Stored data

---

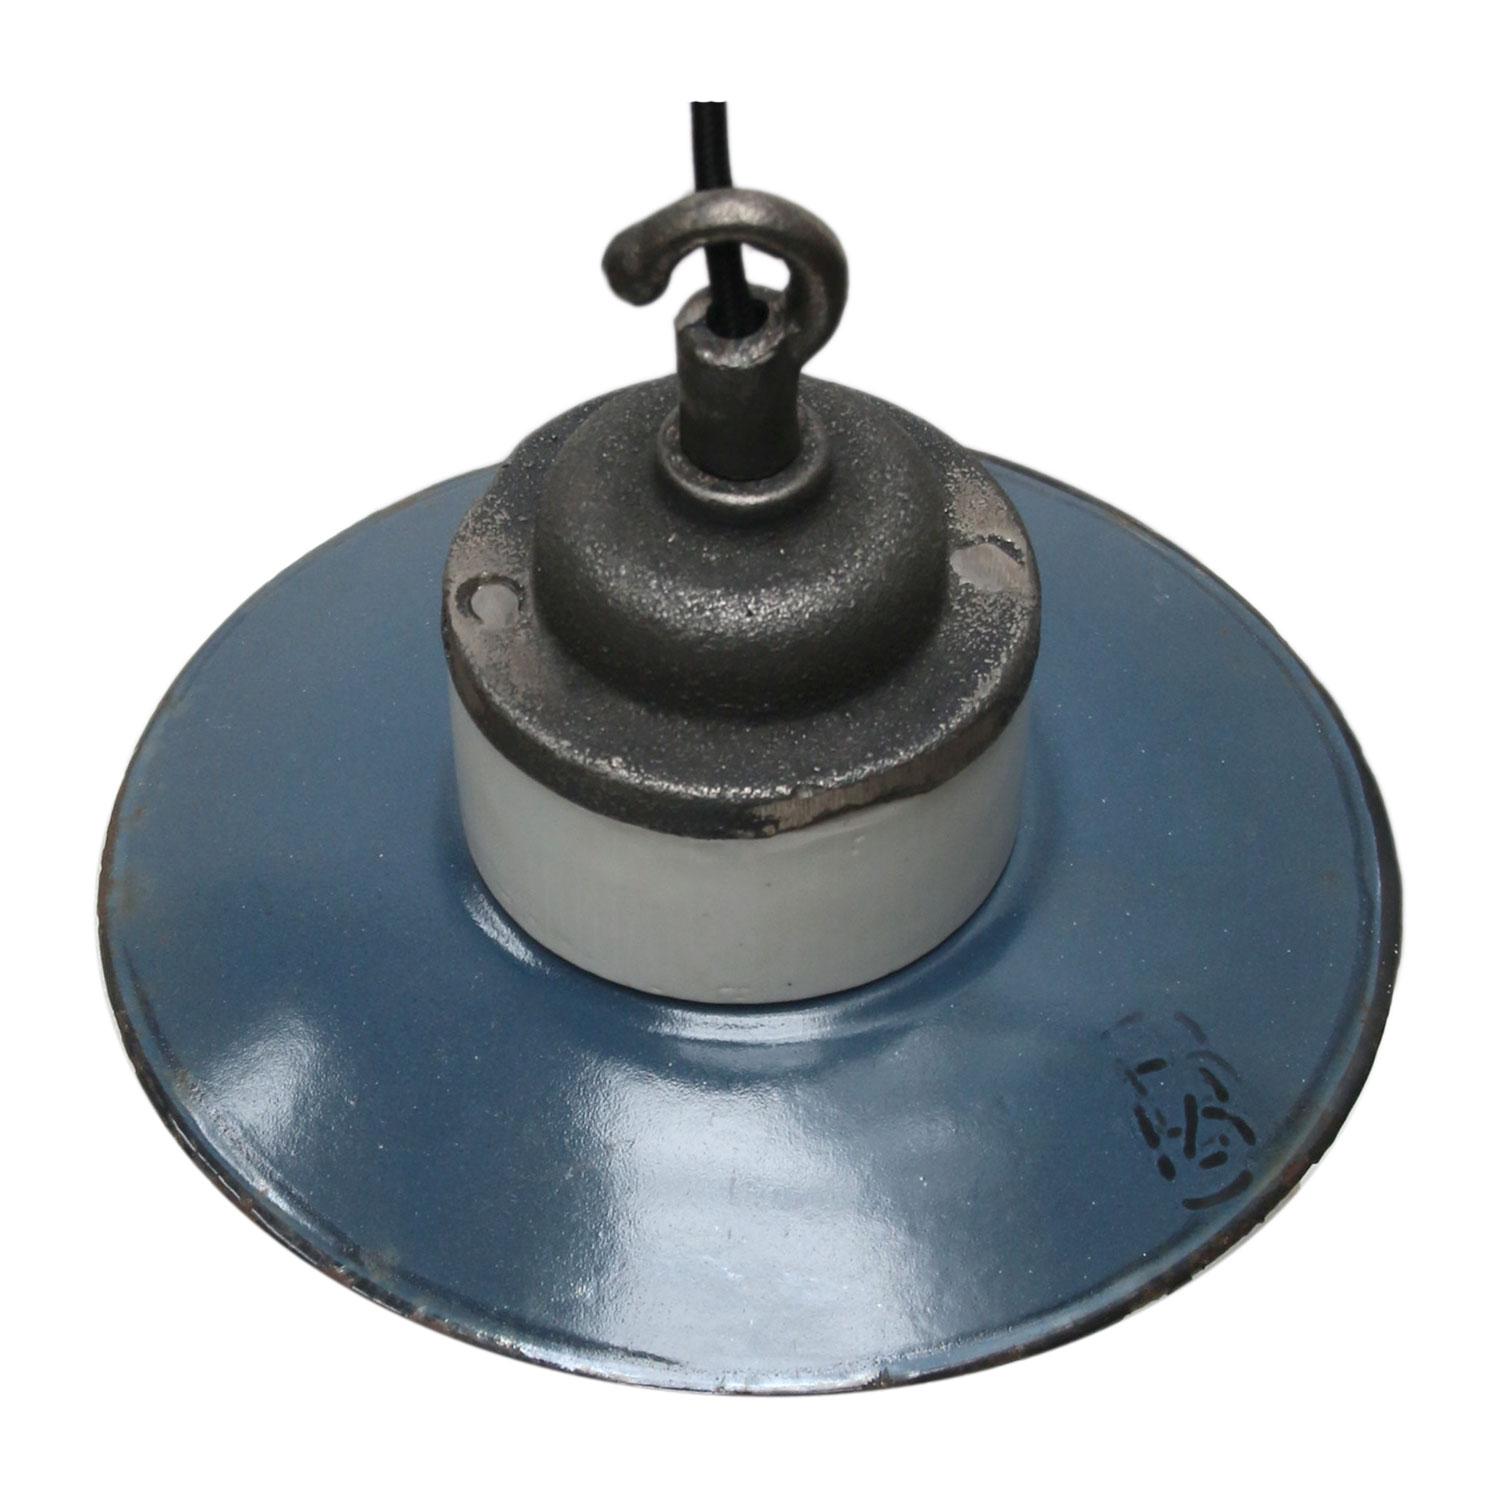 Porcelain Industrial hanging lamp.
White porcelain, cast iron and clear glass.
blue enamel shade
2 conductors, no ground.

Weight: 2.00 kg / 4.4 lb

Priced per individual item. All lamps have been made suitable by international standards for

---

With the line containing "blue enamel shade" as the first and the last line of the data as the final one, copy every line between them exactly, those two included.

blue enamel shade
2 conductors, no ground.

Weight: 2.00 kg / 4.4 lb

Priced per individual item. All lamps have been made suitable by international standards for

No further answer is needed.